Шрифт:
Интервал:
Закладка:
Но генерал не замечал, что он переполнил меру терпения Павла. Ответ на последнюю депешу был уже не от самого Императора как прежде, а от канцлера, и отличался крайним лаконизмом. «Его Императорское Величество, писал тот, по прочтении письма вашего высокопревосходительства от 24-го января, повелел отвечать вам, что высочайшая его воля состоит в том, чтобы вы ничем другим, кроме выдачи пленных, не занимались, и затем немедленно возвратились, как только поручение это будет исполнено».
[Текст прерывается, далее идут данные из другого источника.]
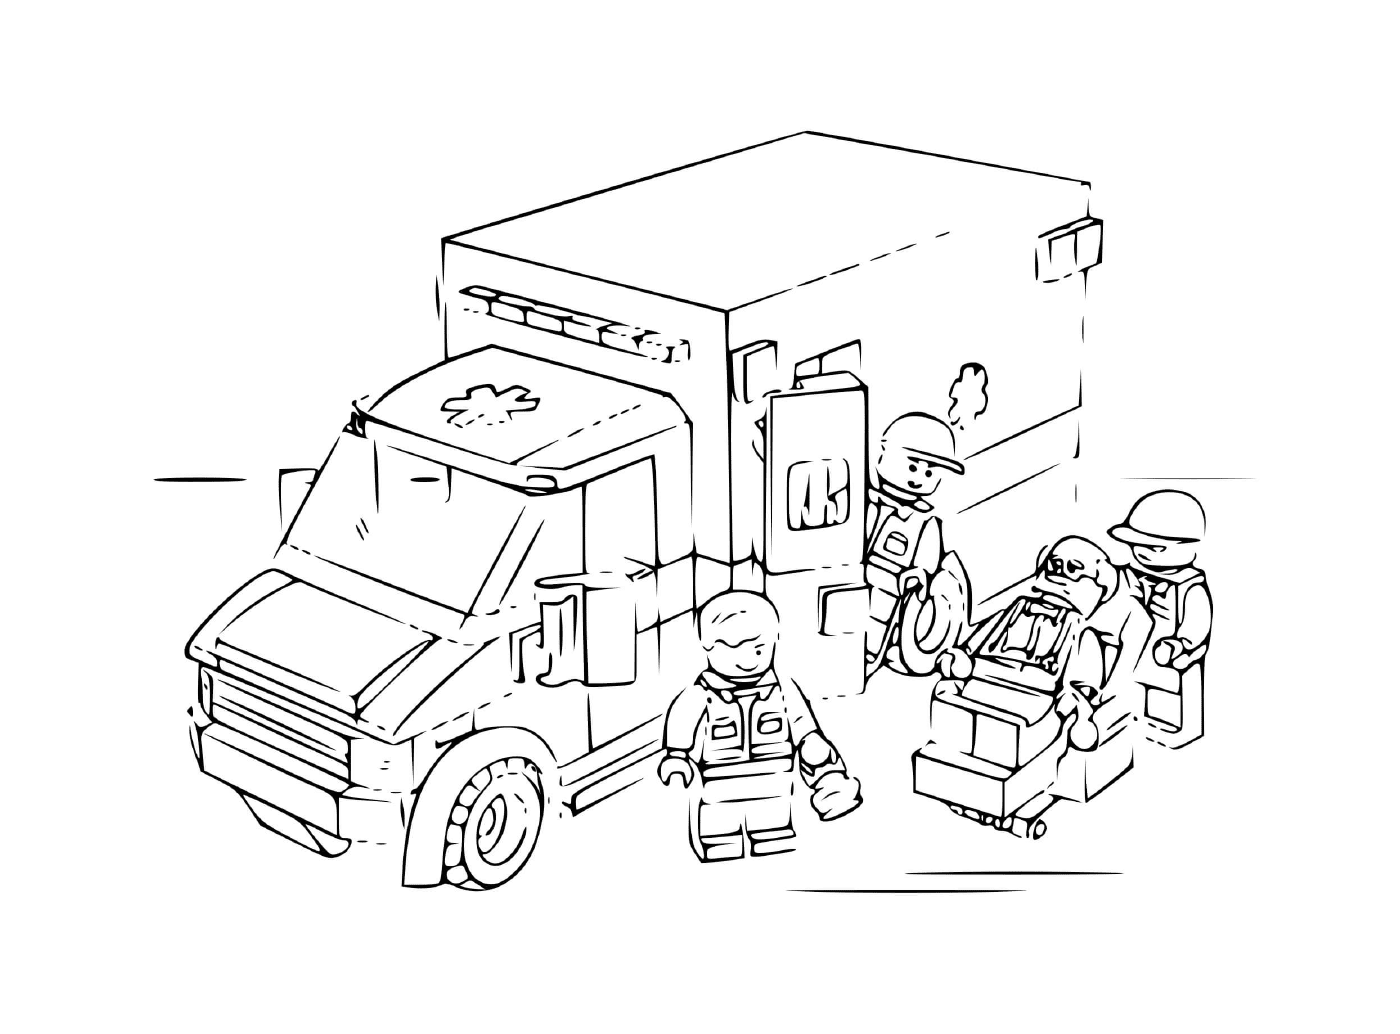  Polícia Lego Ambulância

В донесении об исполнении поручения, представленном уже Императору Александру, Спренгтпортен излагал вкратце весь ход своих действий, денежный же отчет на сумму до 200. 000 р. просил дозволения представить лично Государю[121]. Насколько Александр Павлович был доволен донесением, неизвестно; но, во всяком случае, Спренгтпортен поступил ловко, отправив его с князем Долгоруковым, одним из состоявших при нем офицеров, любимцем Александра.
Без сомнения теперь Спренгтпортен не затерялся, как было при Императрице Екатерине и в начале царствования Павла. Потому ли, что в нем был признан административный талант, или находили неудобным пребывание его в Петербурге при натянутости личных отношений Императора Александра и короля Густава Адольфа IV, но в следующем же 1802 году Спренгтпортен уже совершает на казенный счет, в сопровождении нескольких чиновников, продолжительное путешествие по Европейской России, Сибири, Кавказу, а потом и за границей. Поездка имела весьма легкий, описательный характер. Бенкендорф и Ставицкий, состоявшие при шефе экспедиции, разъезжали в стороны и сообщали ему коротенькие отчеты, или вернее наброски; состоявший по художественной части Карпов делал кое-какие рисунки. Спренгтпортен также был отчасти художник, и отдавая постоянные досуги свои поэзии и литературе, занимался кроме того и рисованием. В путешествующем обществе были еще: жена Егора Максимовича (третья), малолетний сын Карл Егорович, гувернер, француз Роберт и итальянец Пасквини. Позднее присоединился еще сын бывшего потом министра финансов, молодой Гурьев, ездивший, впрочем, на собственный счет.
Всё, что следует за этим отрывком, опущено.